Return each line of the listing below, unchanged, and omit the images.

SUPPLIED MATERIAL:
——————————

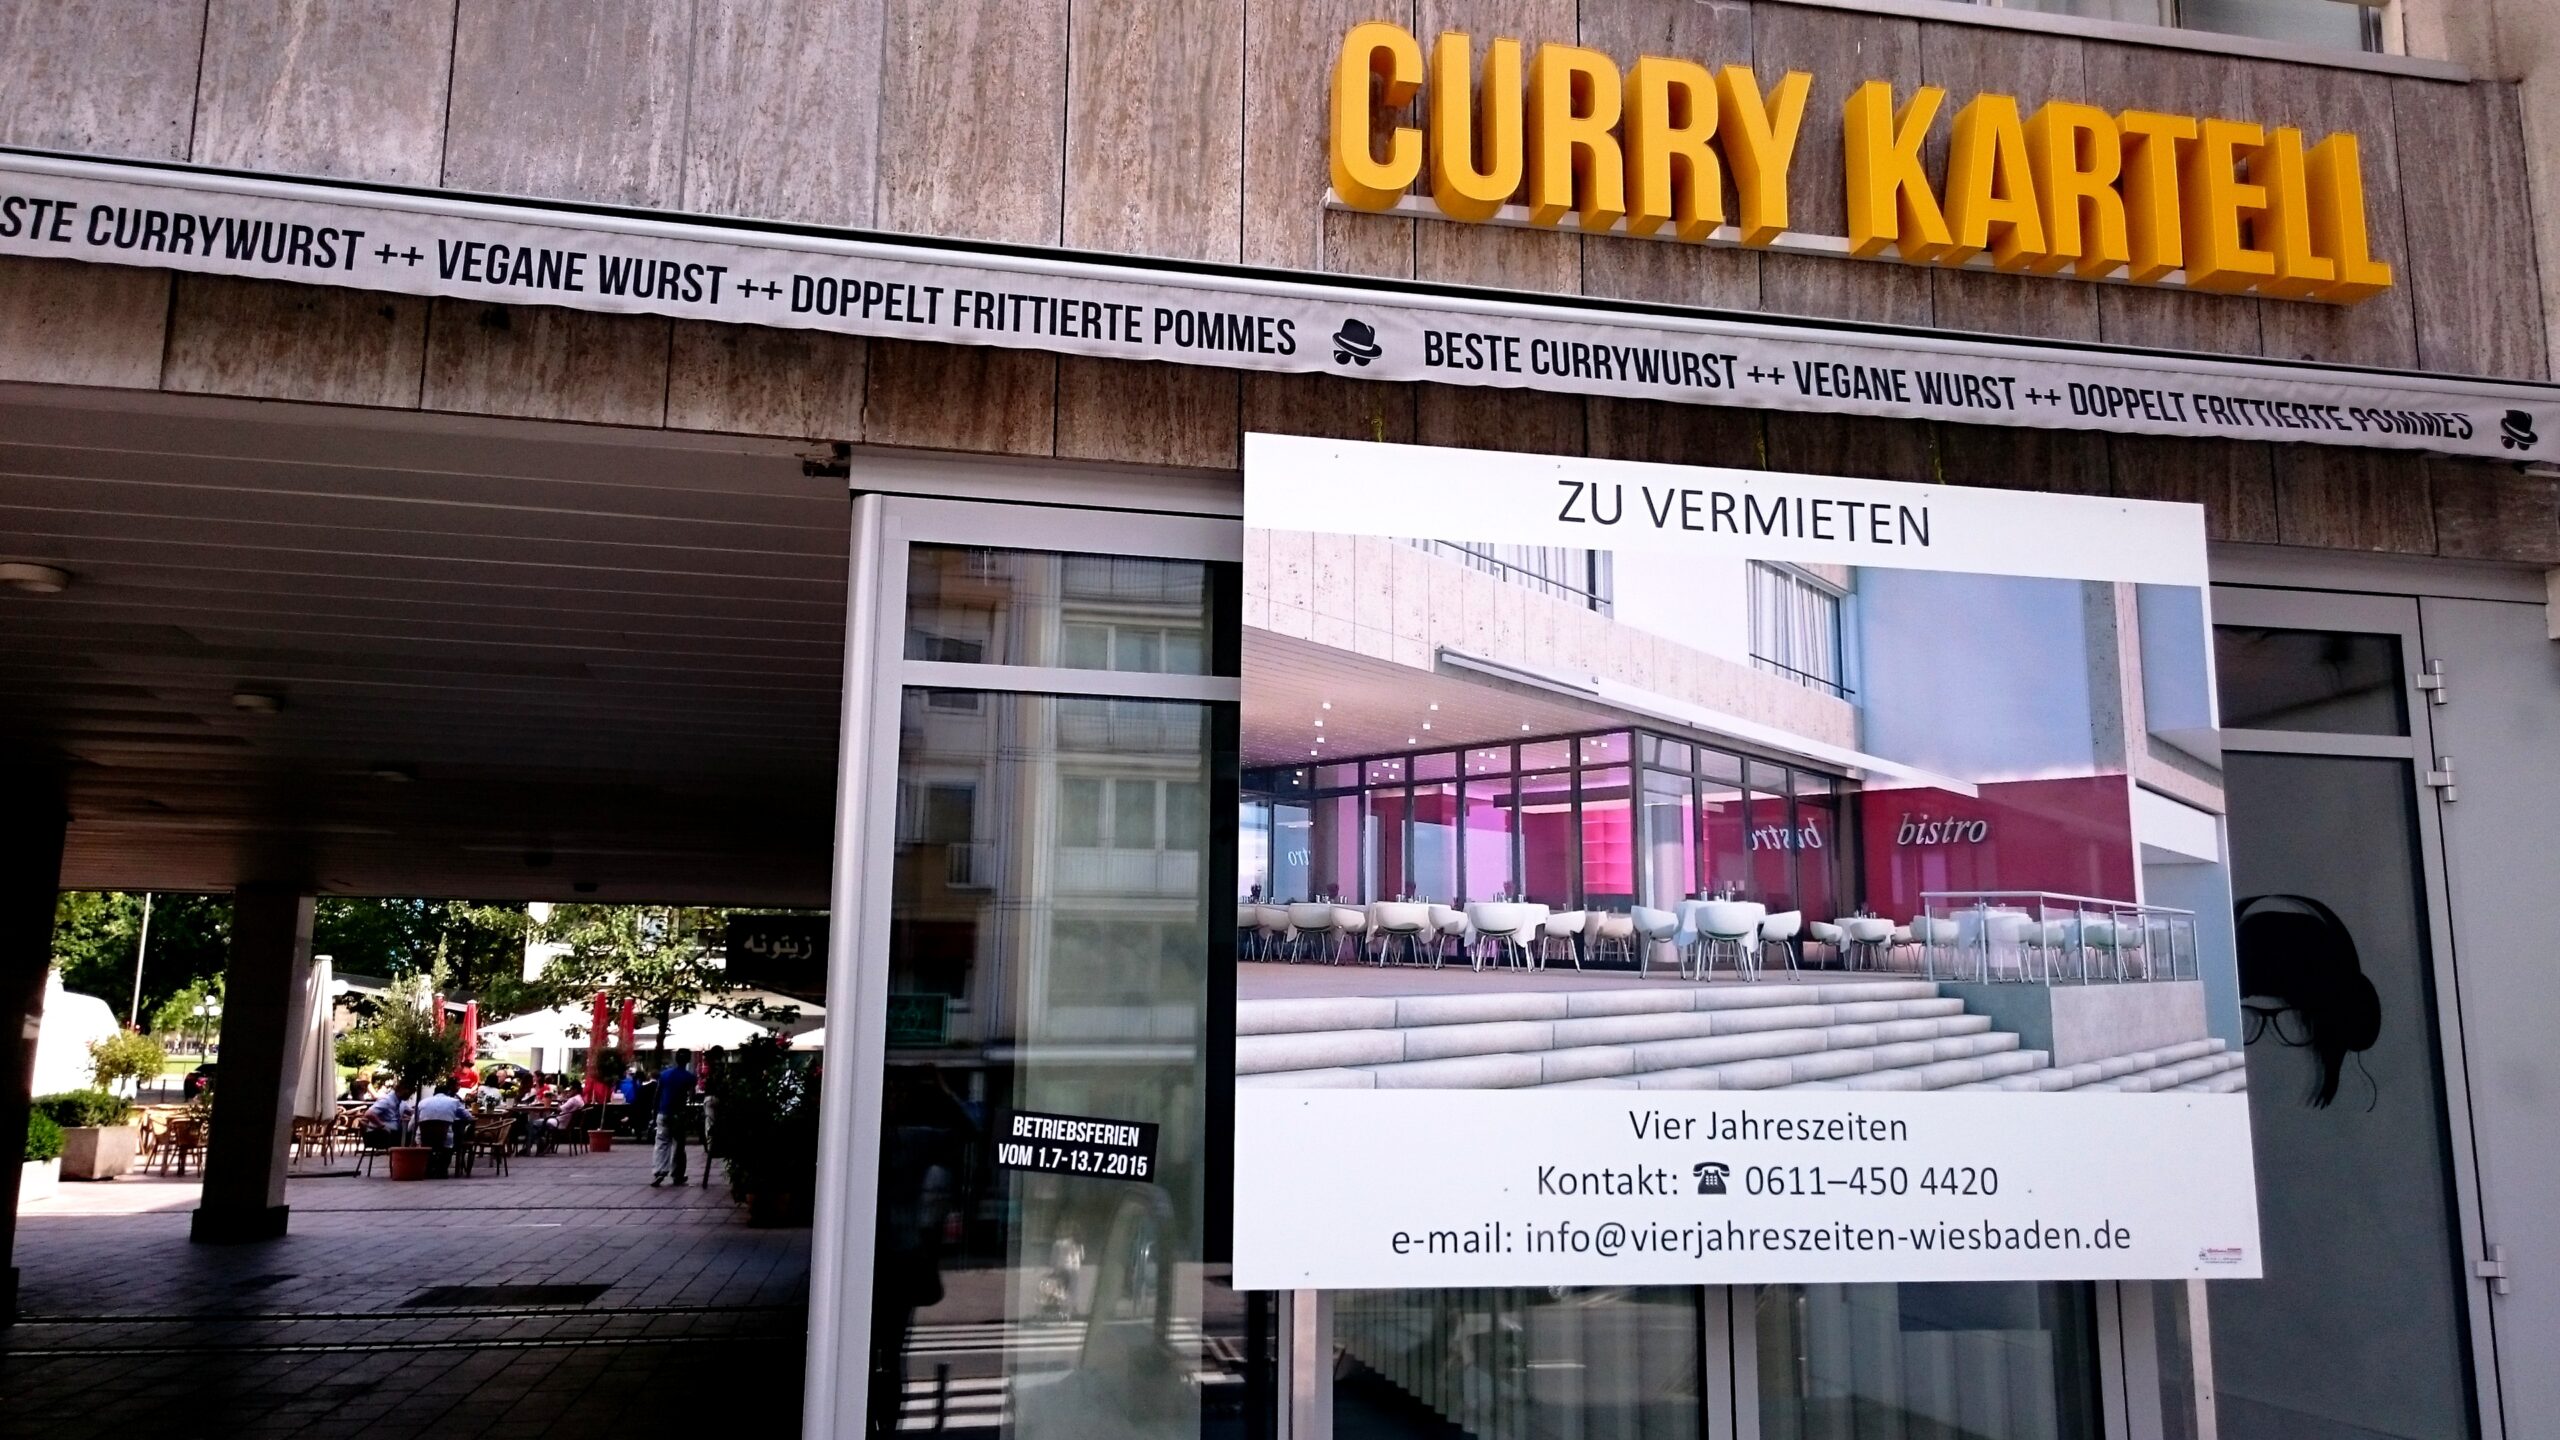 Curry Kartell schließt in Wiesbaden, eröffnet in Mainz
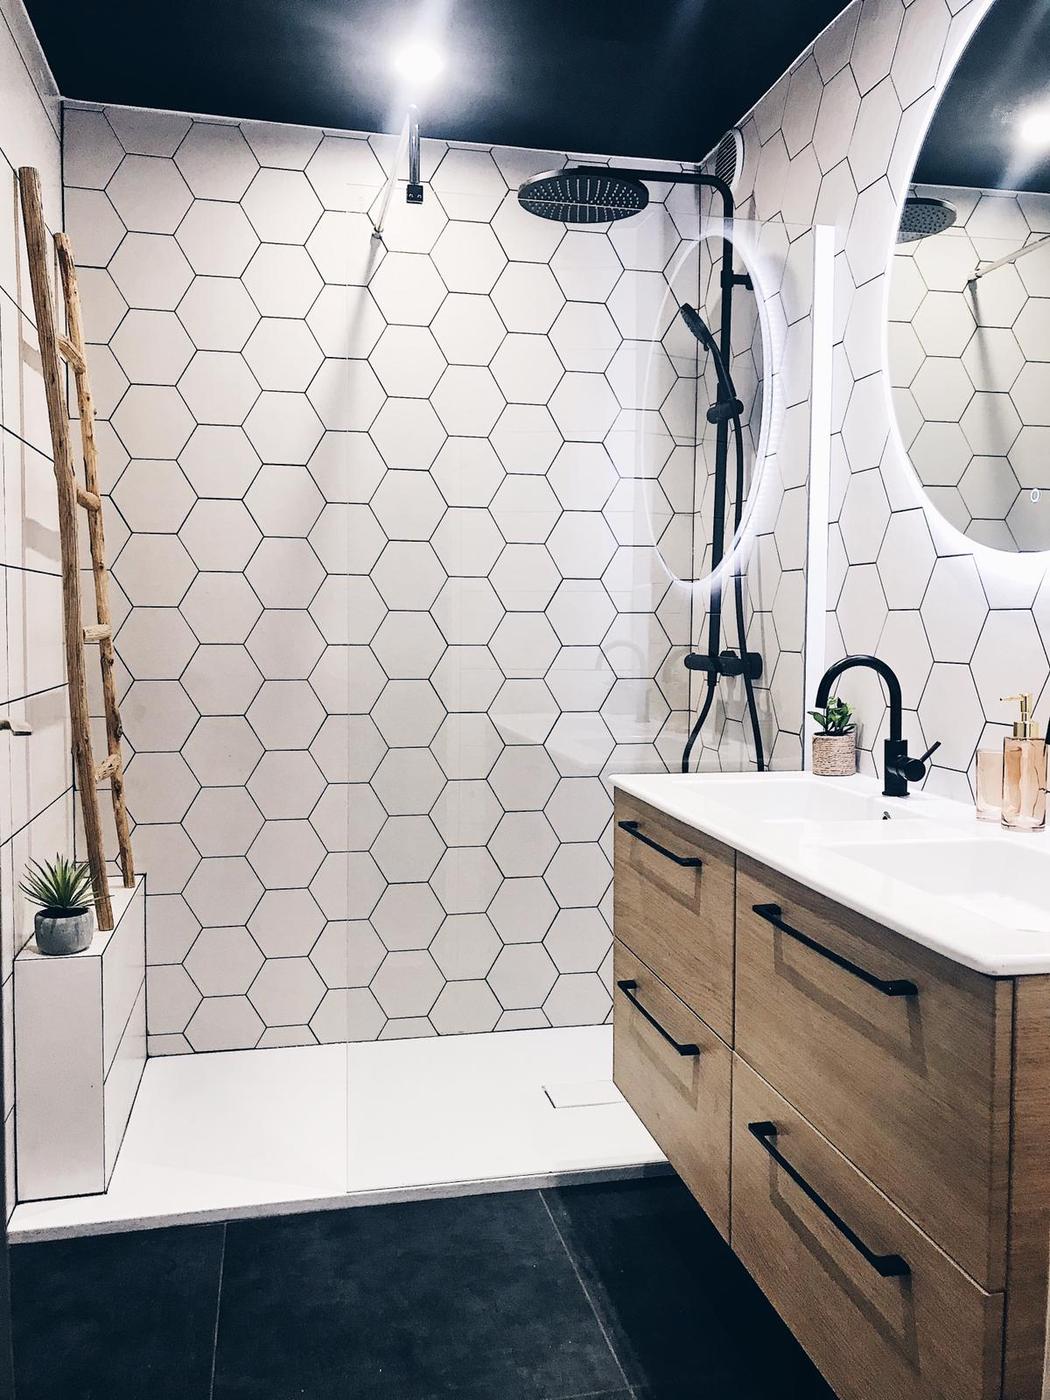 Carrelage Pierre Blanc hexagonal 17.5x20 cm dans une salle de bain moderne avec meuble en bois et détails noirs
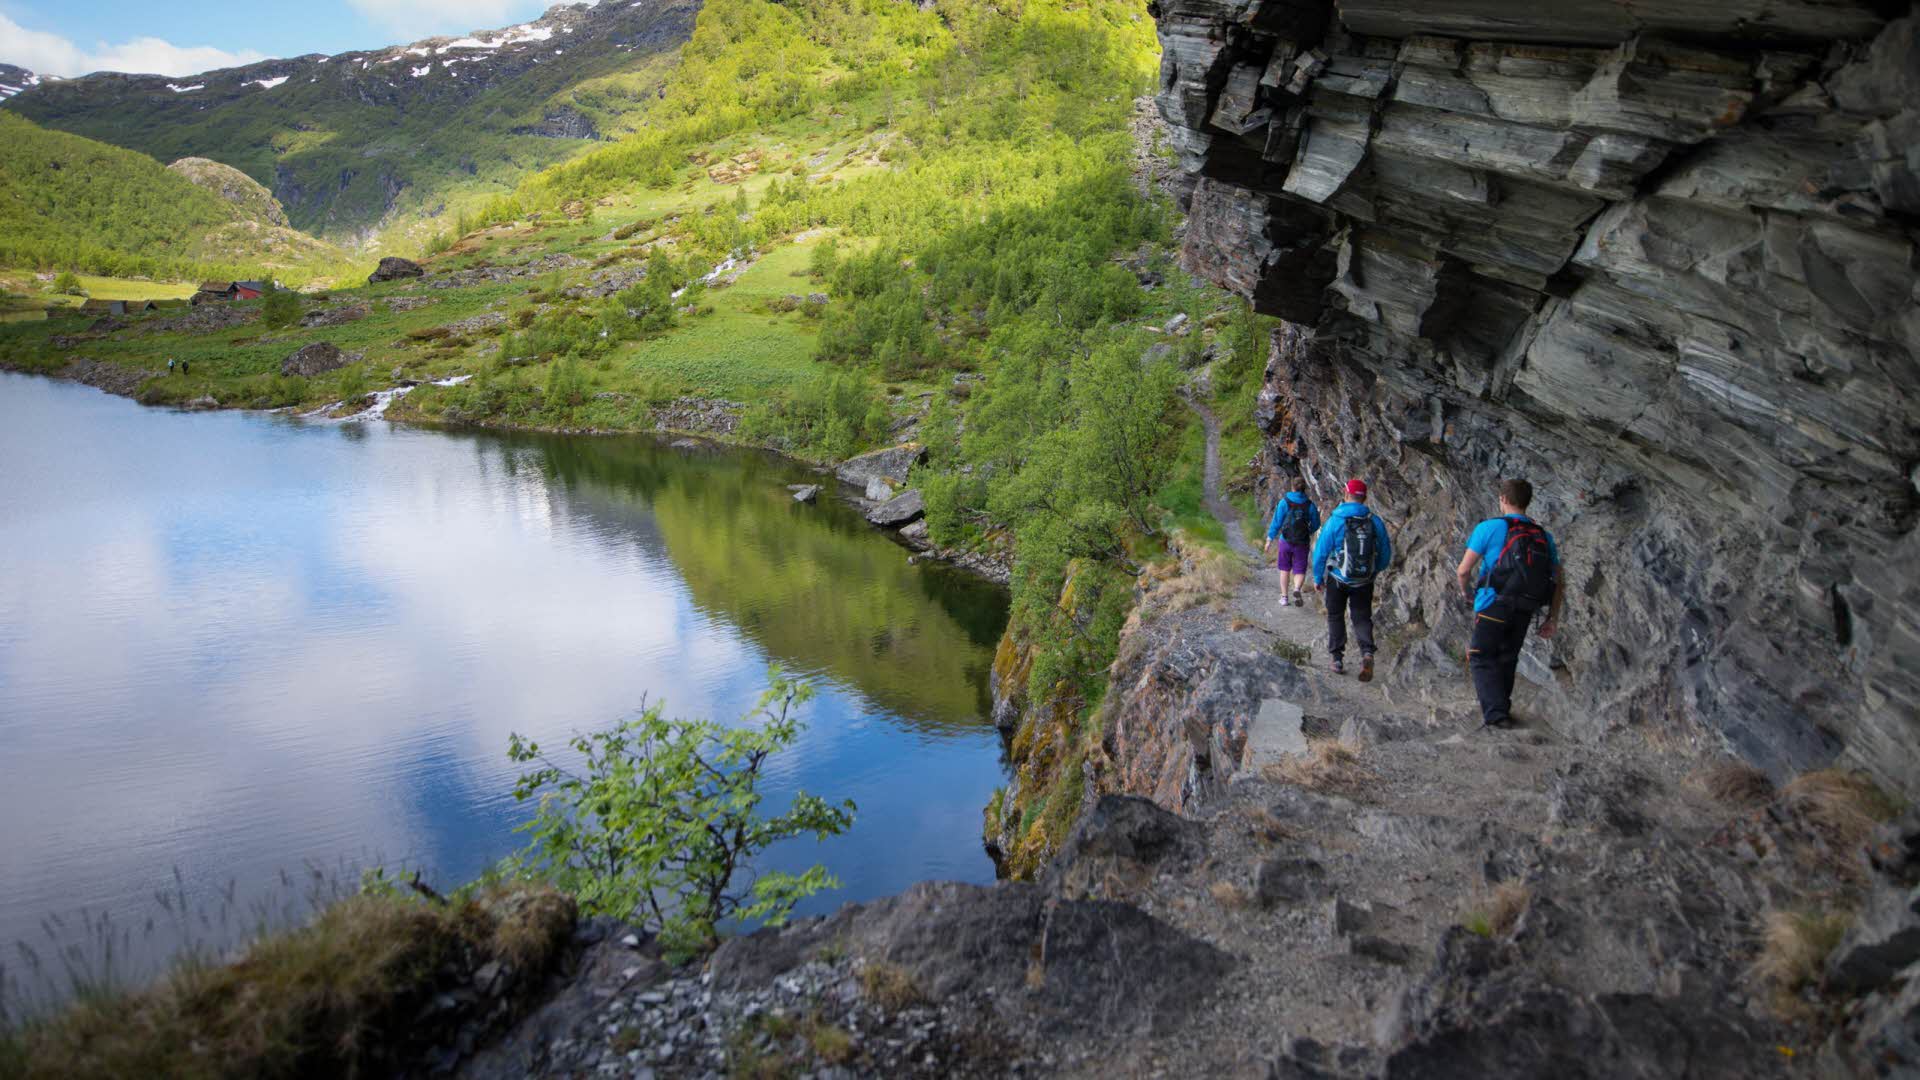 以湖面为背景，三个人正在陡峭多石的岩架上步行，穿越艾于兰山谷

——————————

ANSWER SECTION:
 Curry Kartell schließt in Wiesbaden, eröffnet in Mainz
 Carrelage Pierre Blanc hexagonal 17.5x20 cm dans une salle de bain moderne avec meuble en bois et détails noirs
 以湖面为背景，三个人正在陡峭多石的岩架上步行，穿越艾于兰山谷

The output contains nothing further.